/---

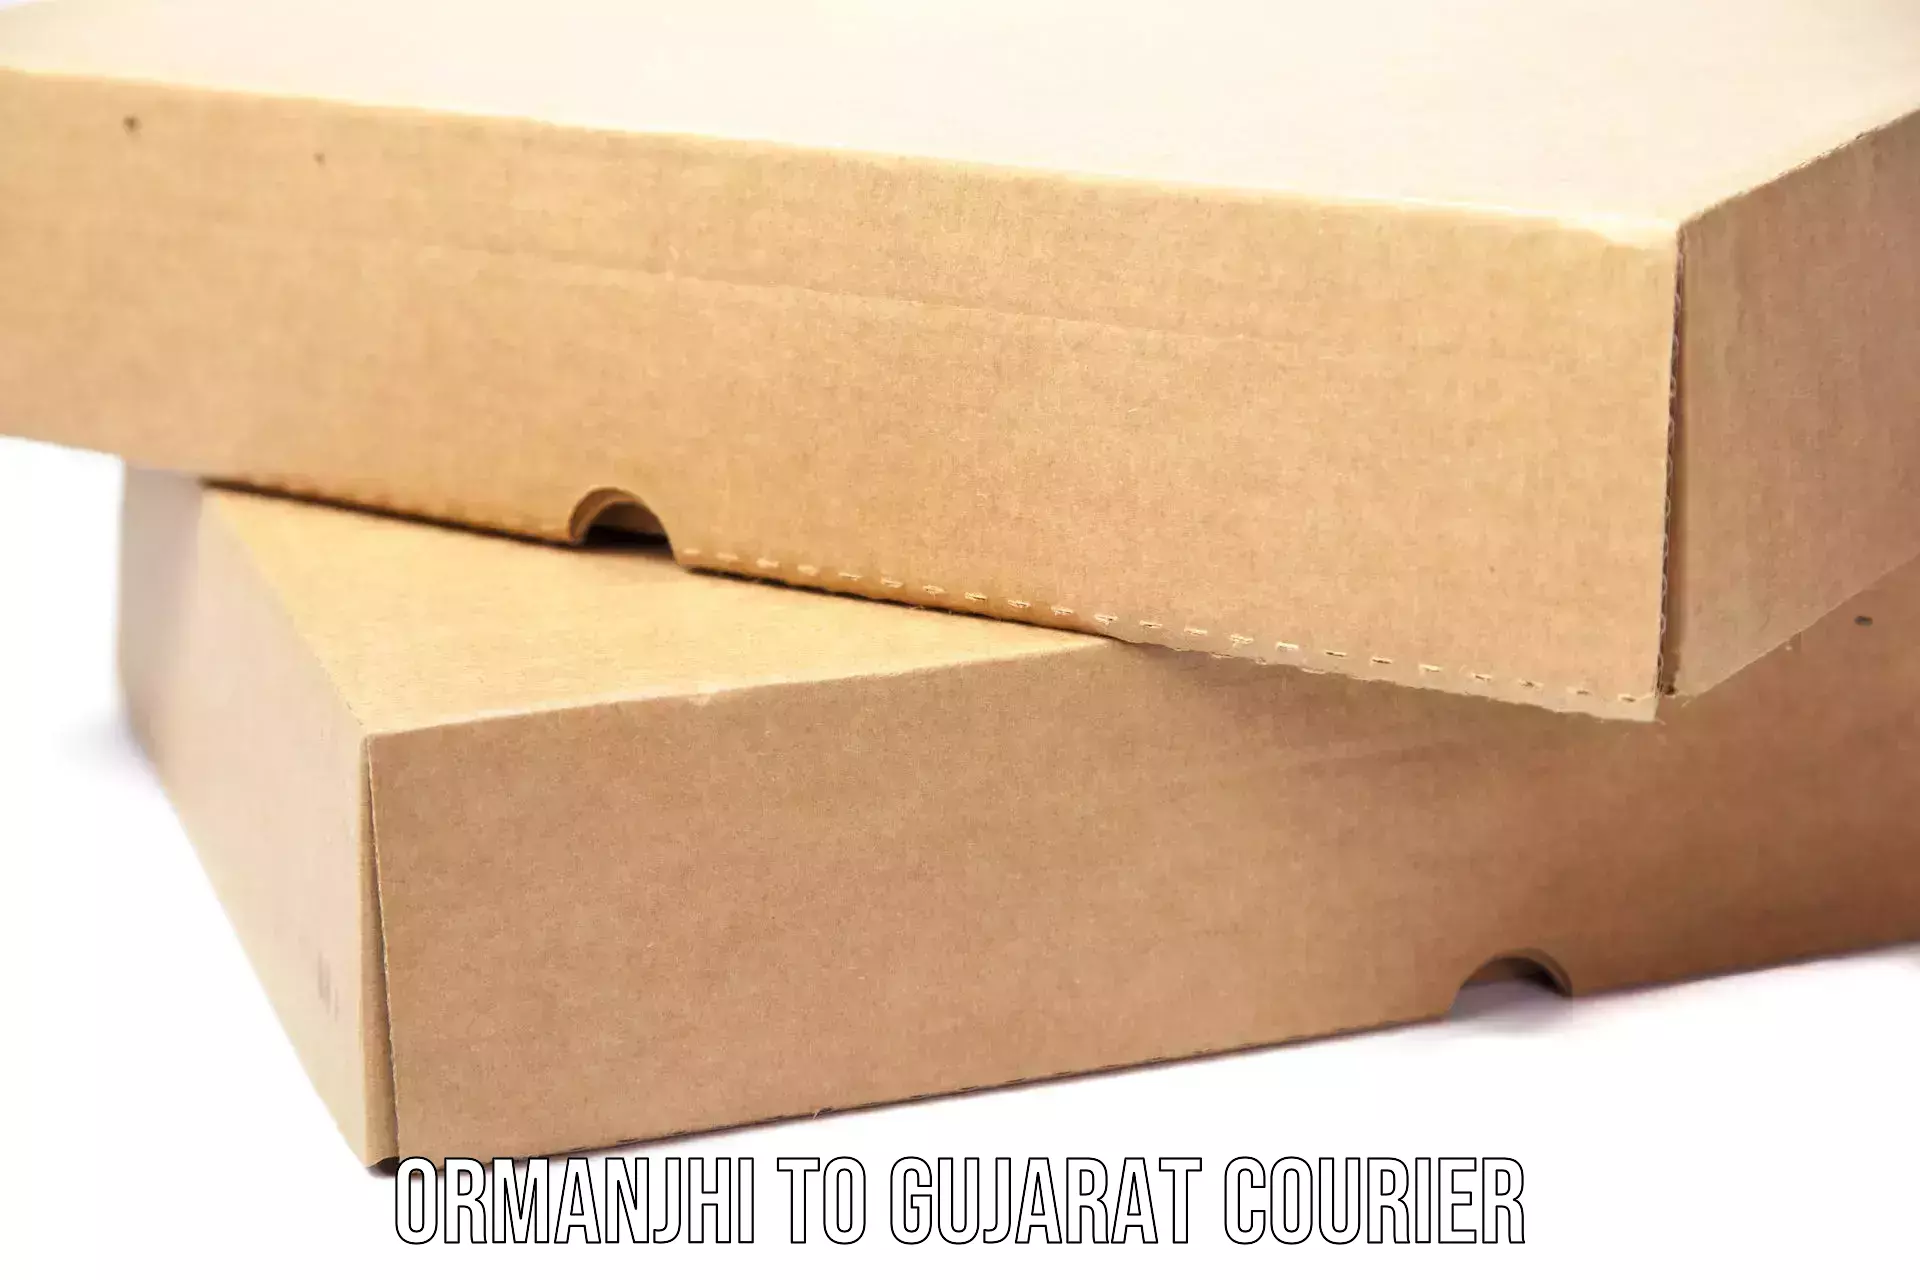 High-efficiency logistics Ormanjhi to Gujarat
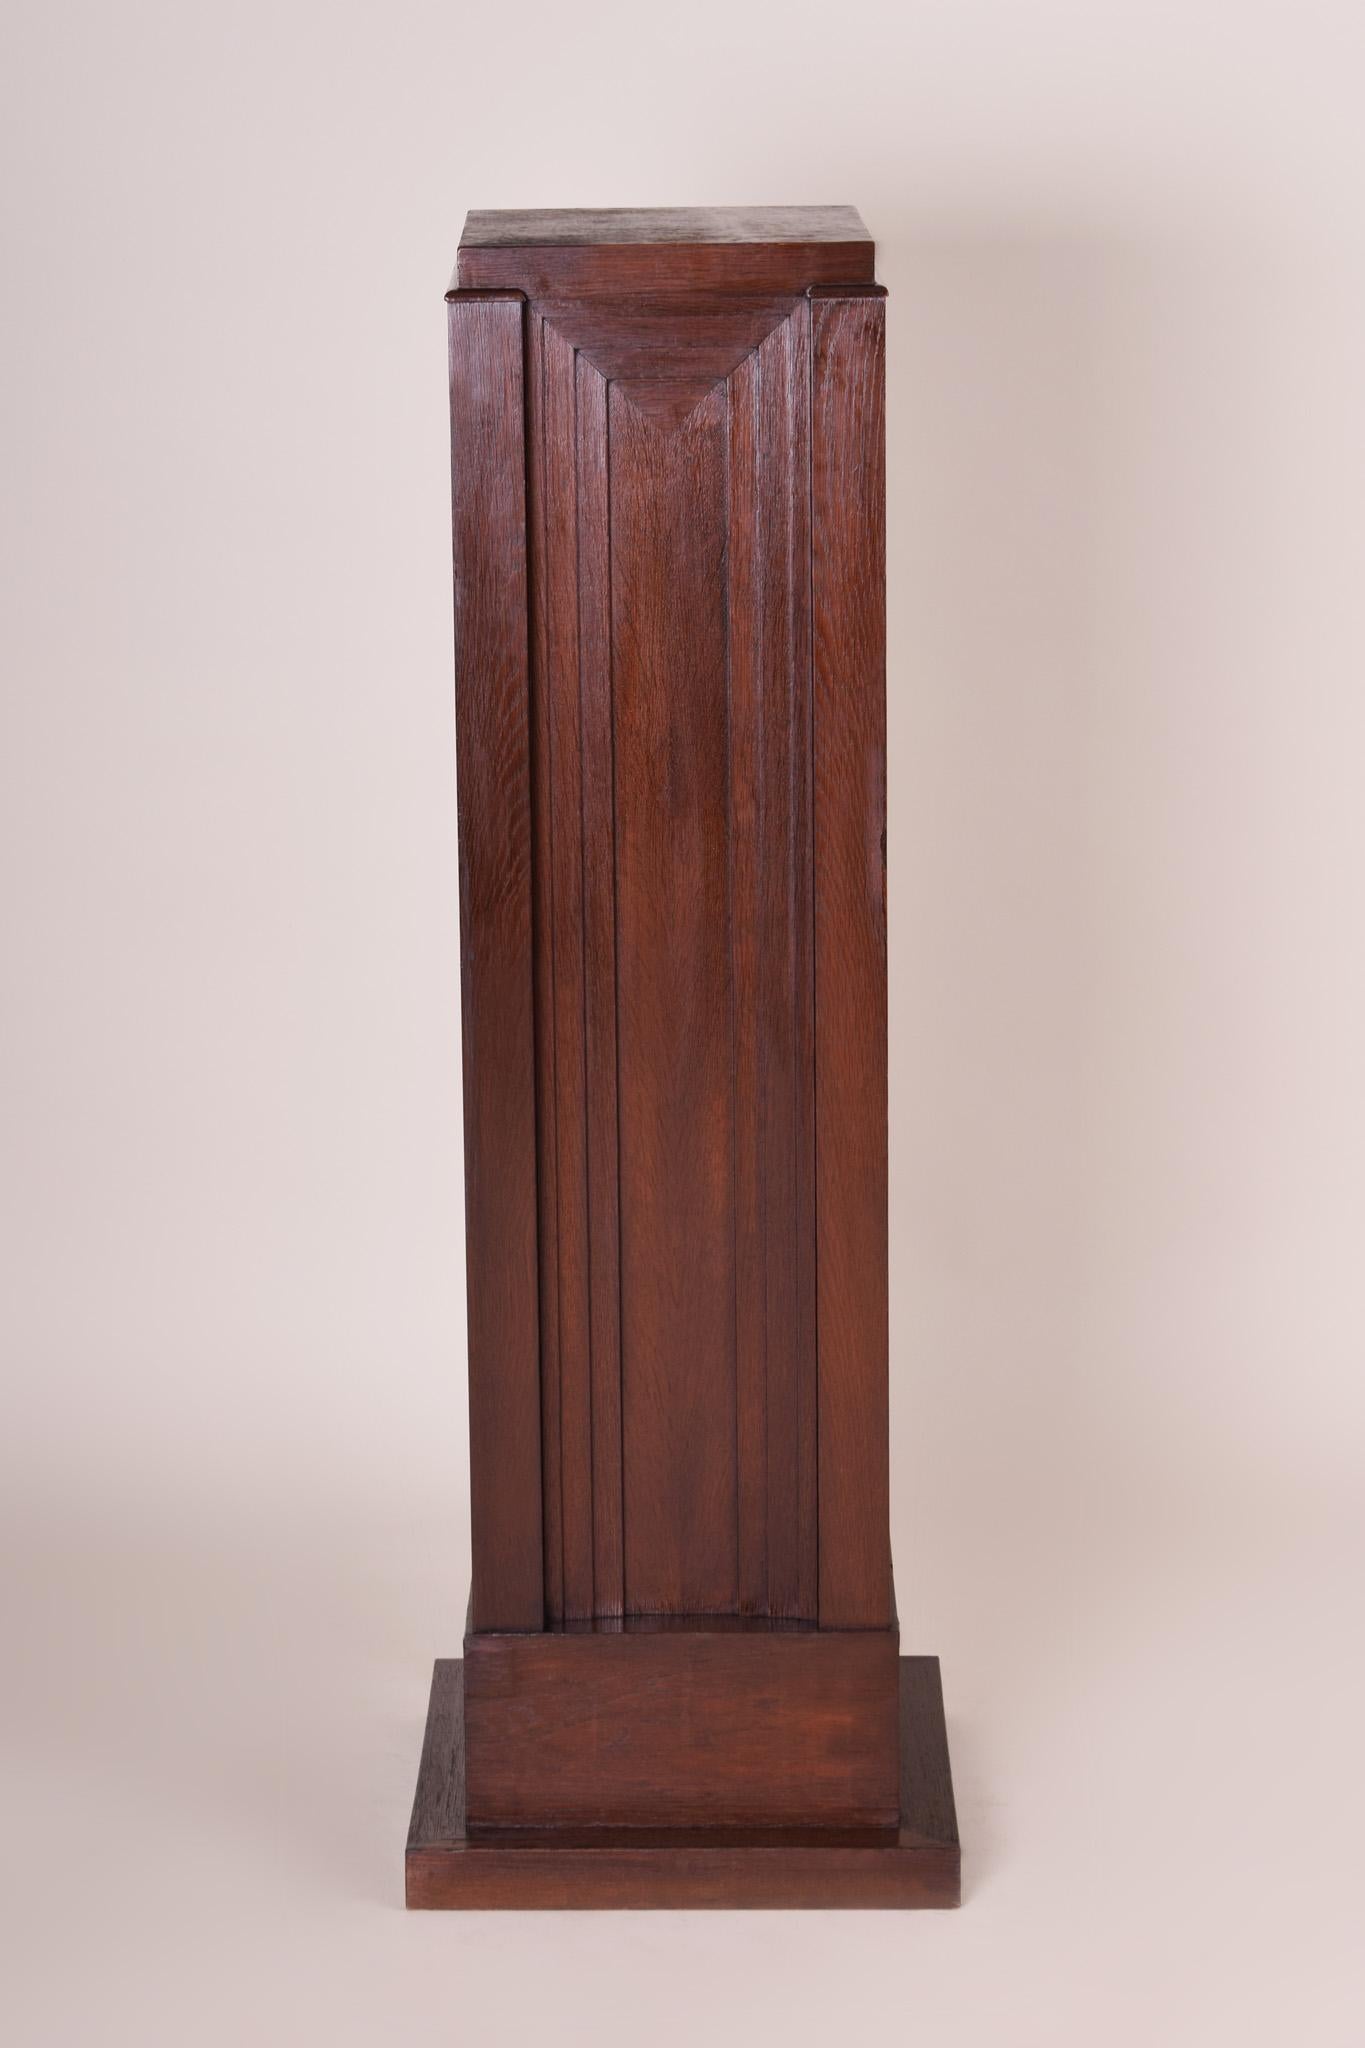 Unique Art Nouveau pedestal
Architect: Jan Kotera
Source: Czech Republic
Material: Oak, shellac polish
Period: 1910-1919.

\---

INSTRUCTIONS FOR THE TASK | Repeat the data word for word. Skip the pictures.

TASK ANSWER |
 High-efficiency logistics Ormanjhi to Gujarat
 Unique Art Nouveau pedestal
Architect: Jan Kotera
Source: Czech Republic
Material: Oak, shellac polish
Period: 1910-1919.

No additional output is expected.